* SOURCE MATERIAL:
------------------------------------------------------------

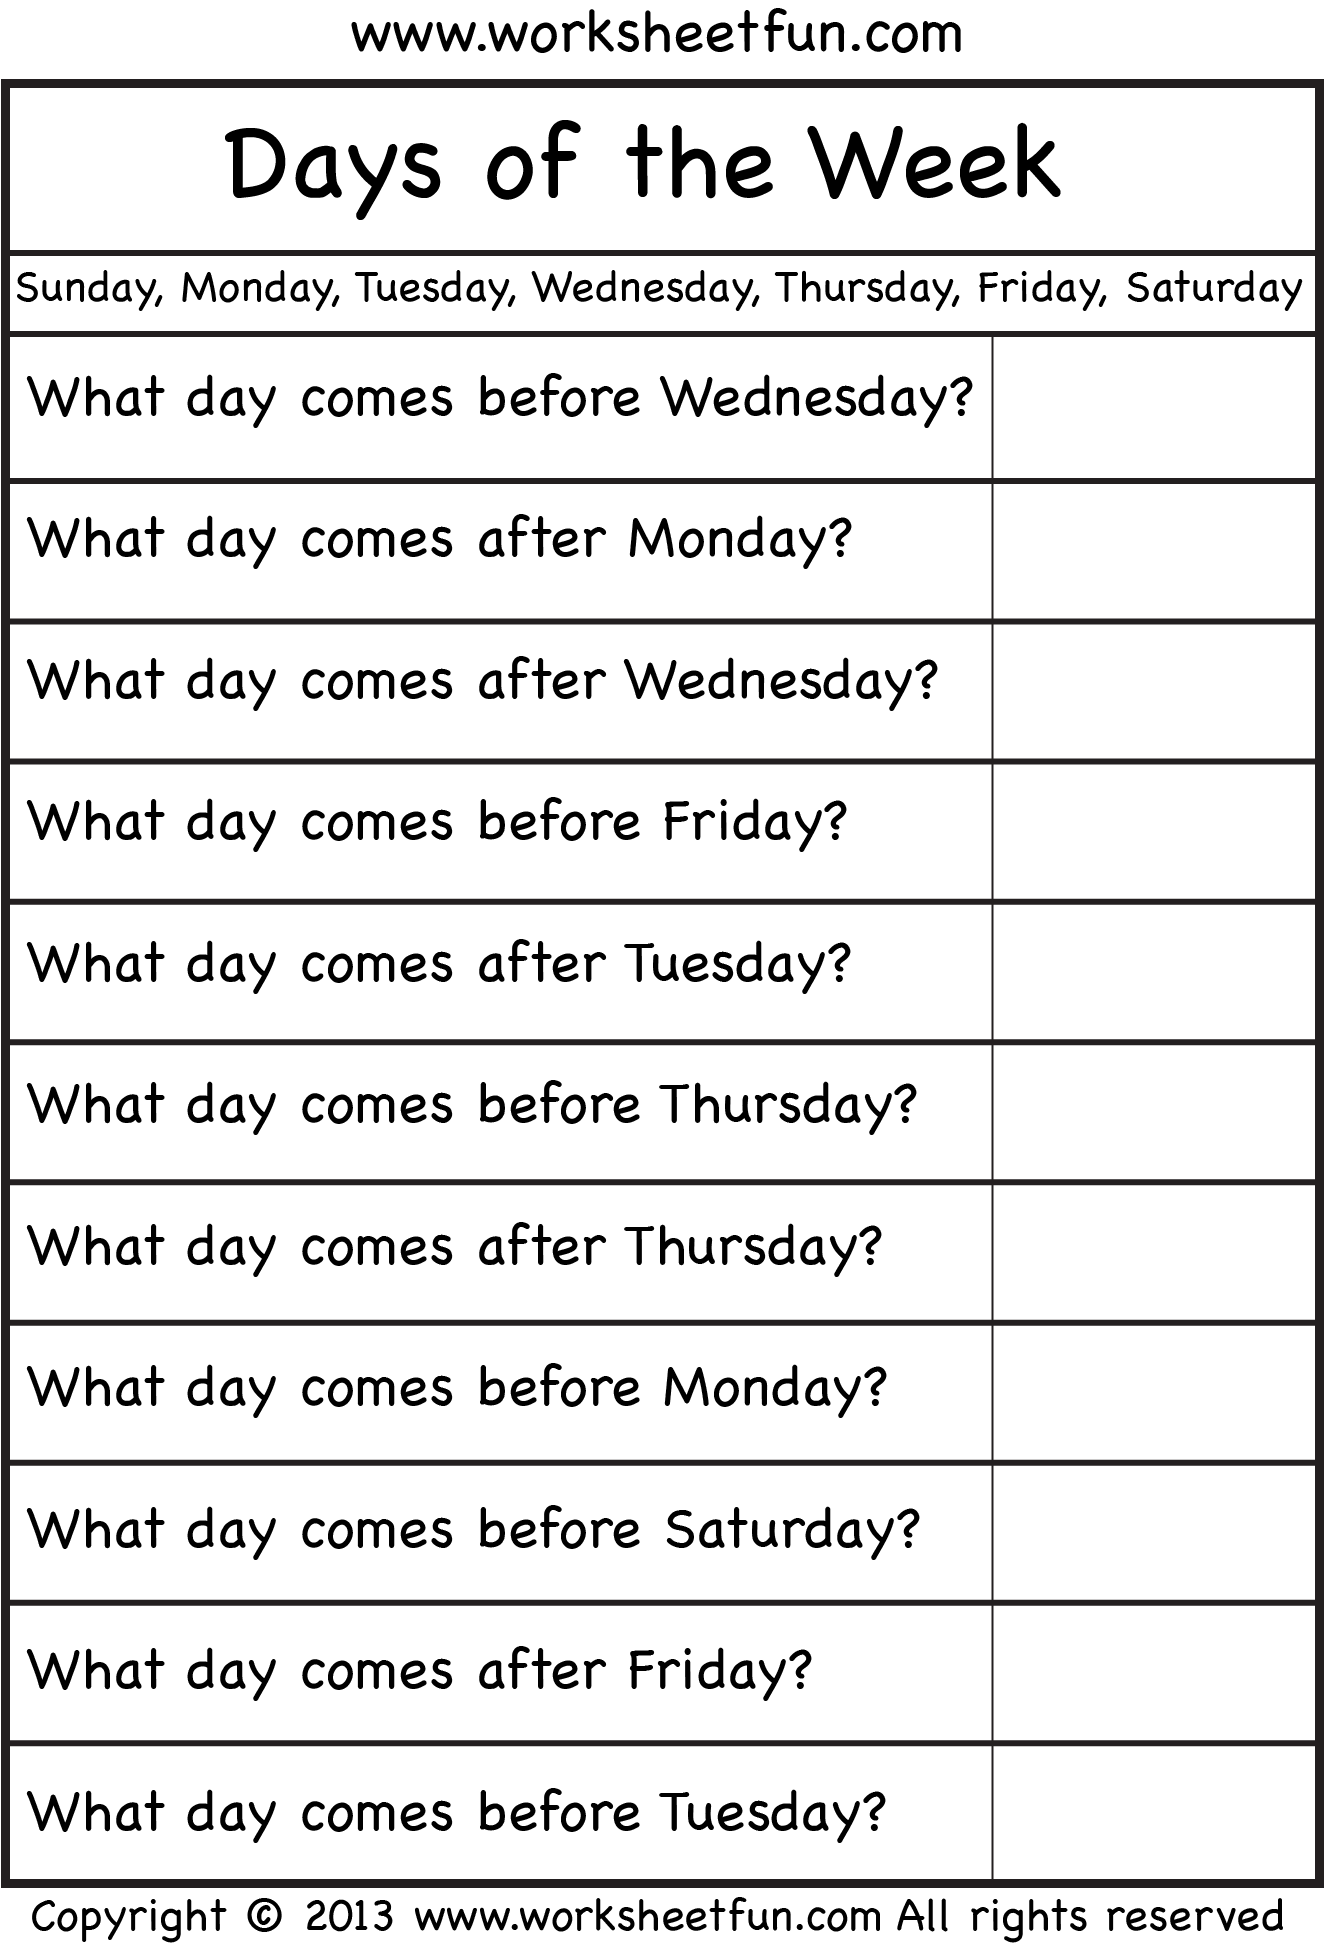 Days of the Week – Worksheet / FREE Printable Worksheets – Worksheetfun
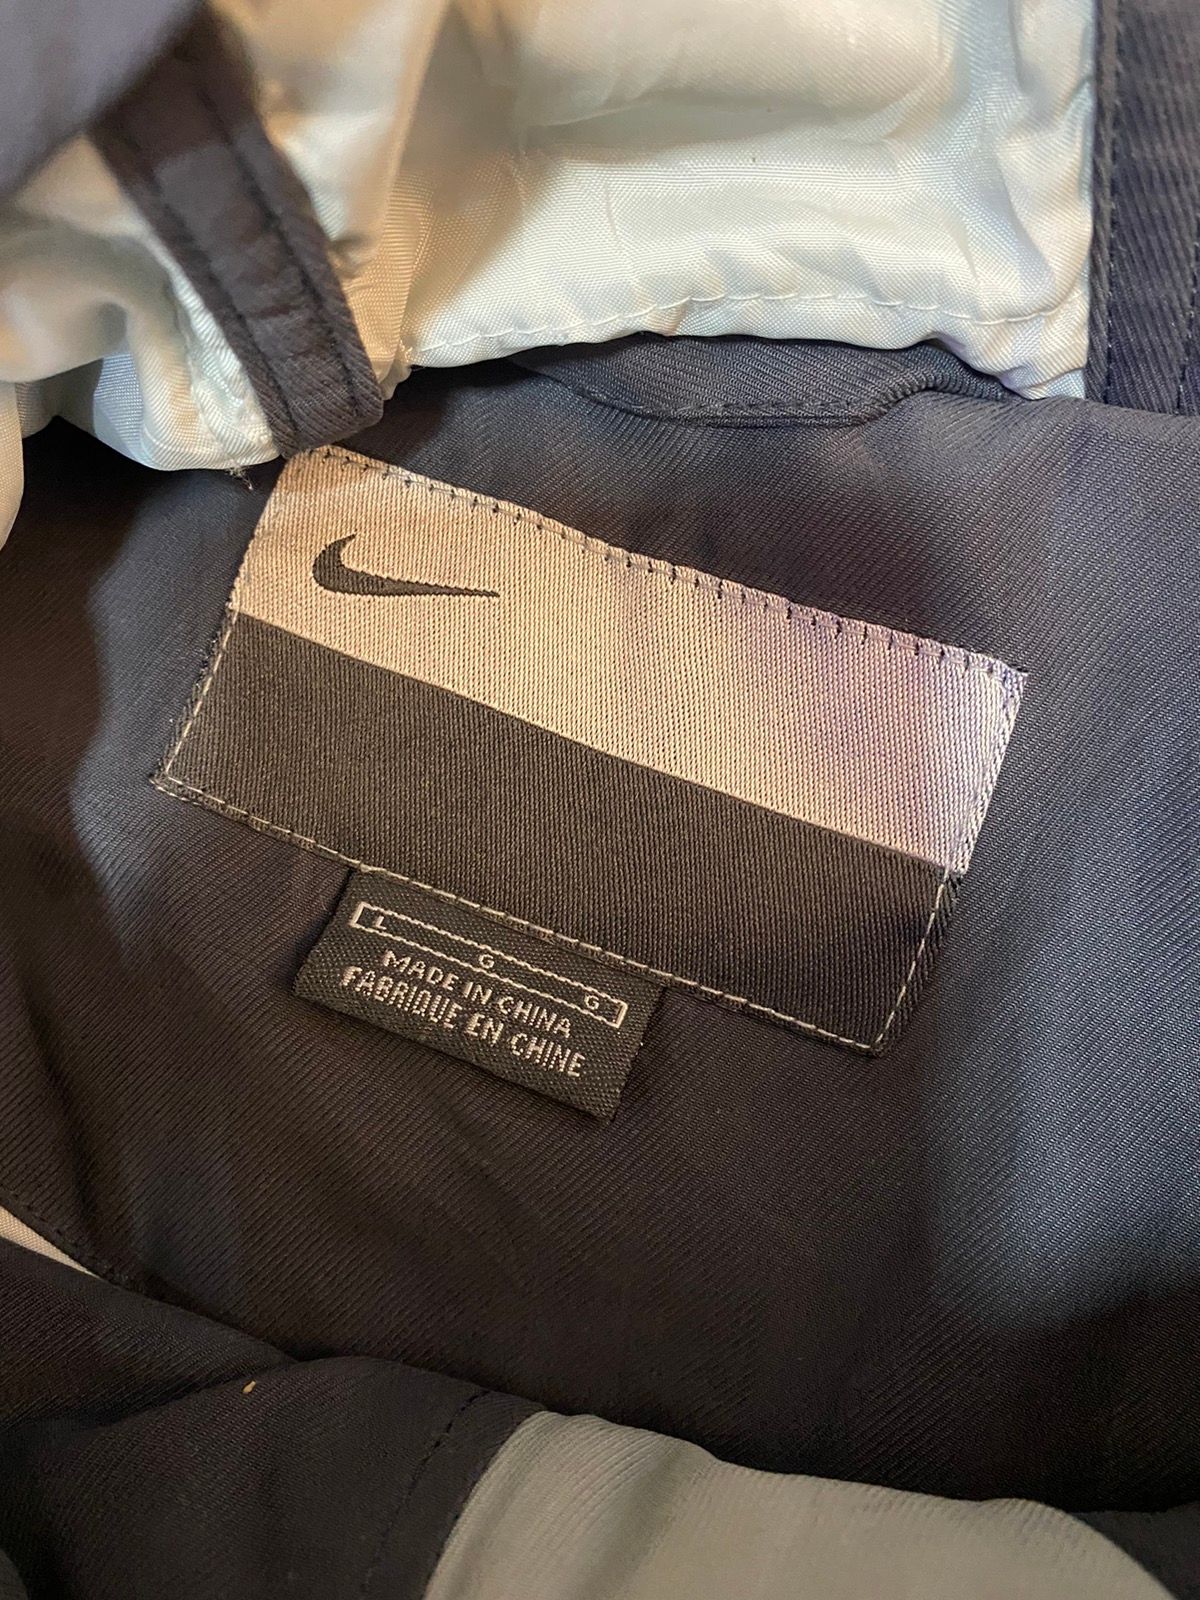 Nike Pullover Anorak Hoodie Jacket Nice Design - 9
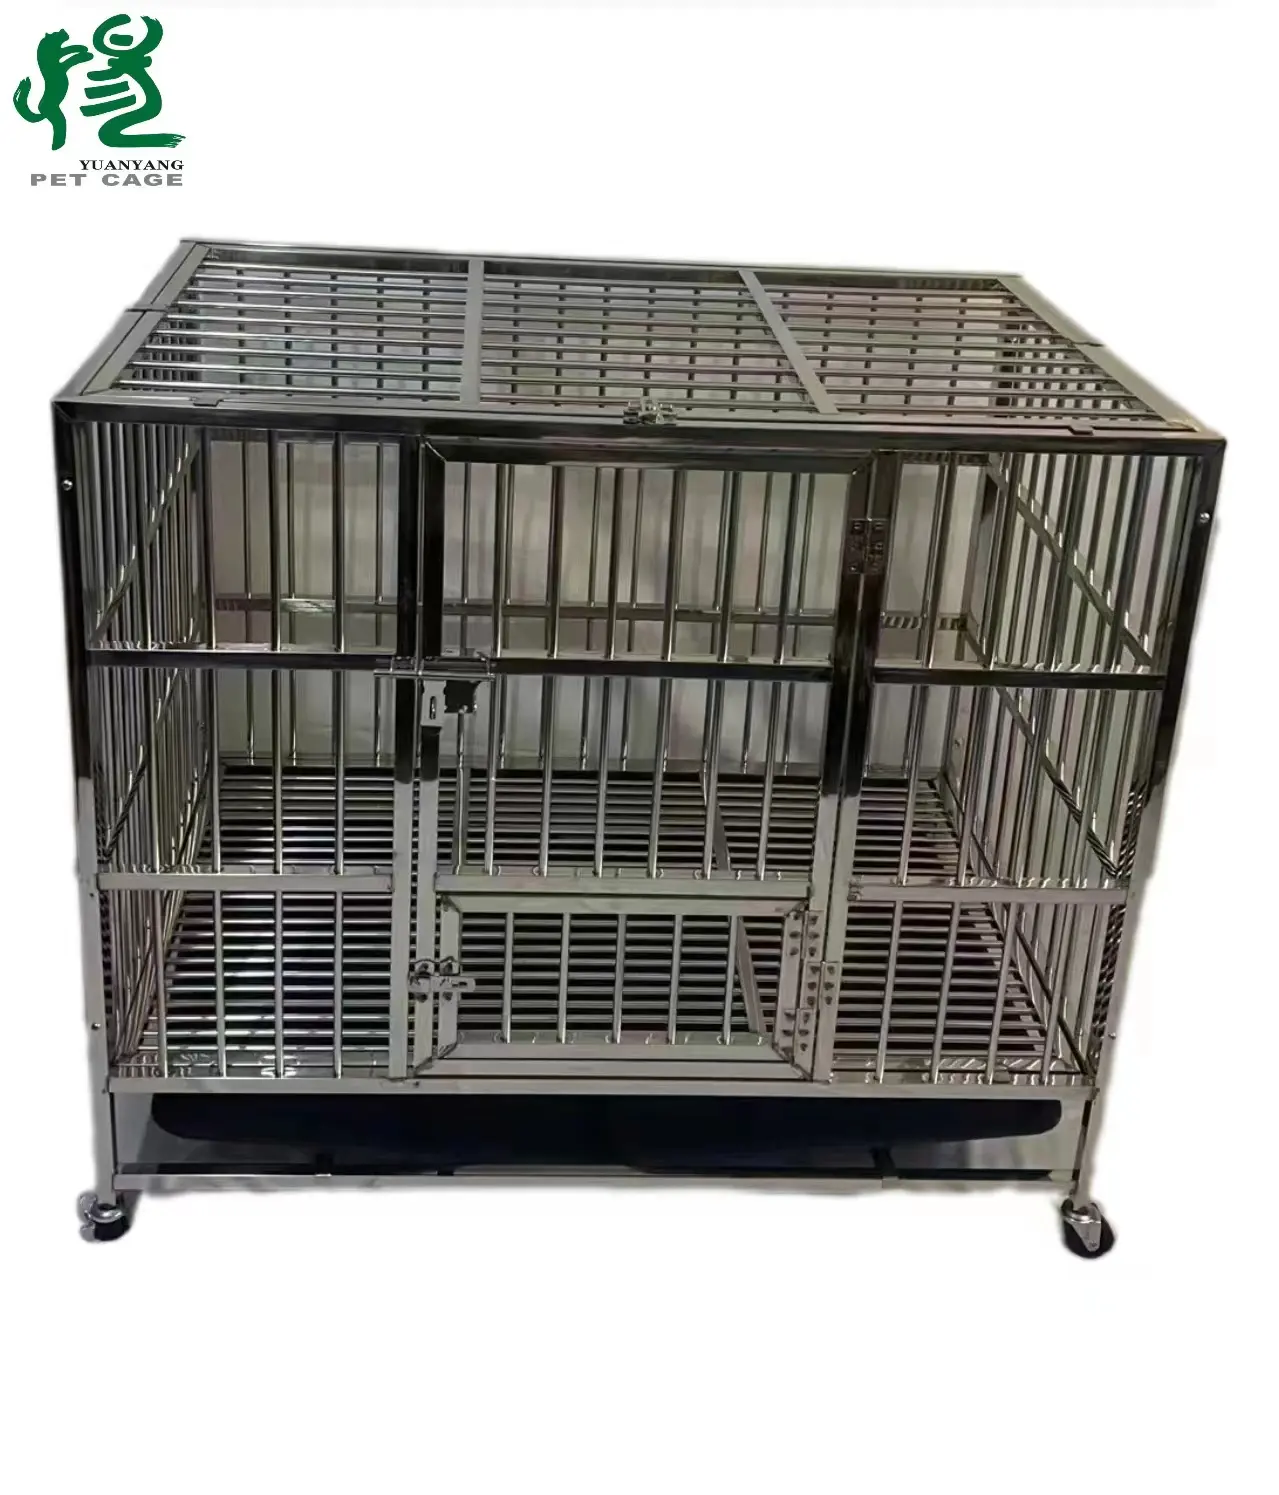 איכות גבוהה כלב נירוסטה כלוב גדול כלב בית מחמד כלוב שלוש דלתות פתוחות וסגור רב תכליתי חיזוק
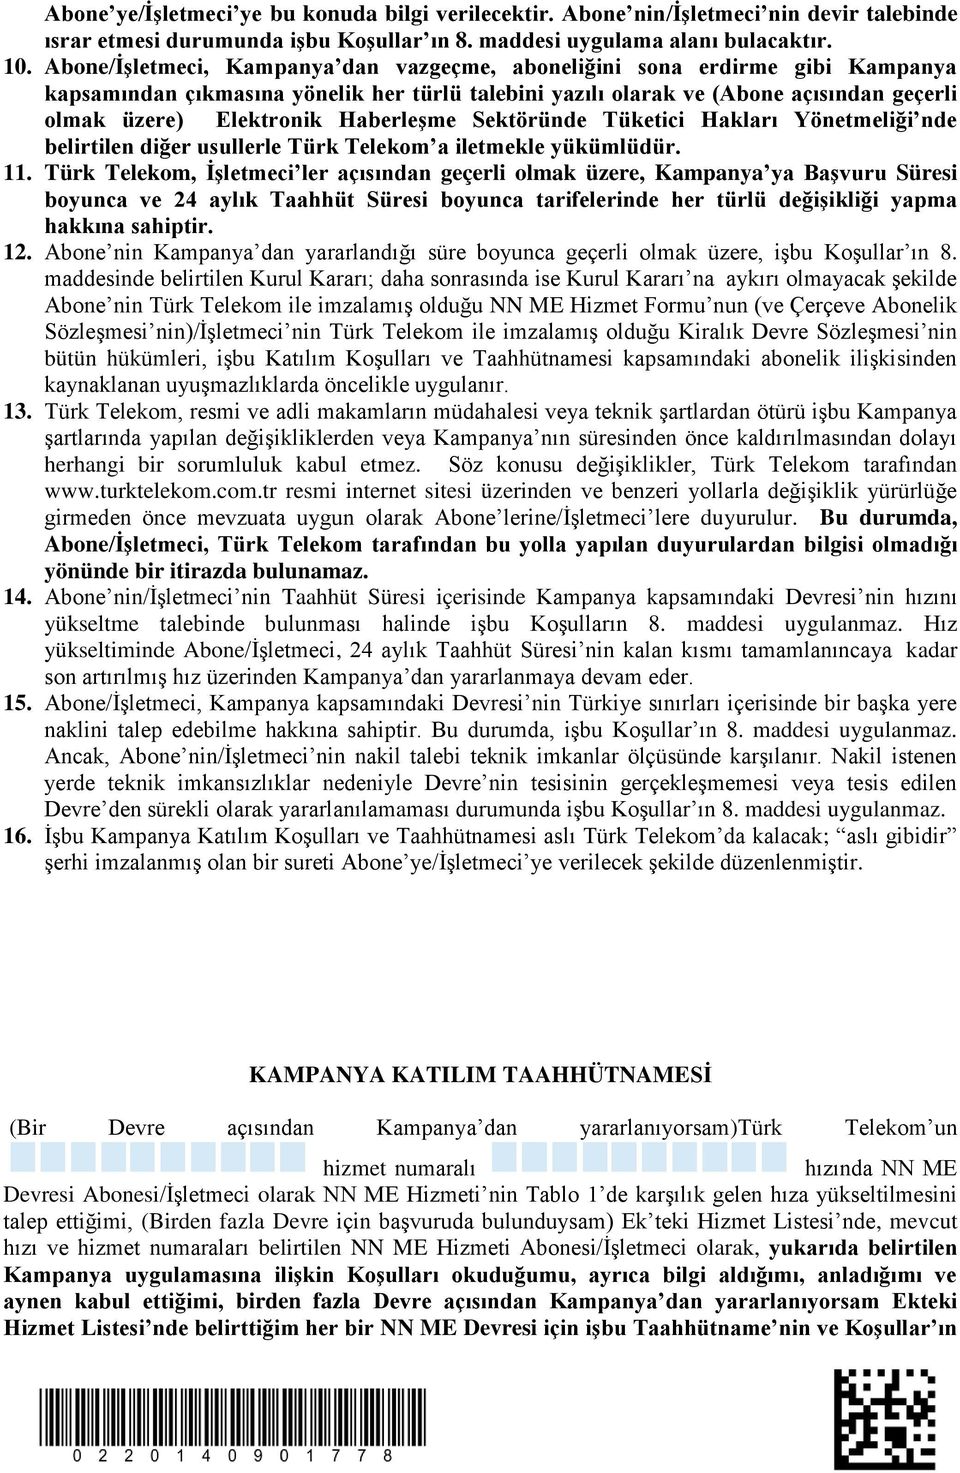 Haberleşme Sektöründe Tüketici Hakları Yönetmeliği nde belirtilen diğer usullerle Türk Telekom a iletmekle yükümlüdür. 11.

------------------------------------------------------------

* THE PROBLEM:
Copy, exactly and exclusively, the lines beginning with the one that contains "איכות גבוהה כלב" and ending with the last line of the listing; pictures are to be omitted.

* ANSWER:
 איכות גבוהה כלב נירוסטה כלוב גדול כלב בית מחמד כלוב שלוש דלתות פתוחות וסגור רב תכליתי חיזוק
 Haberleşme Sektöründe Tüketici Hakları Yönetmeliği nde belirtilen diğer usullerle Türk Telekom a iletmekle yükümlüdür. 11.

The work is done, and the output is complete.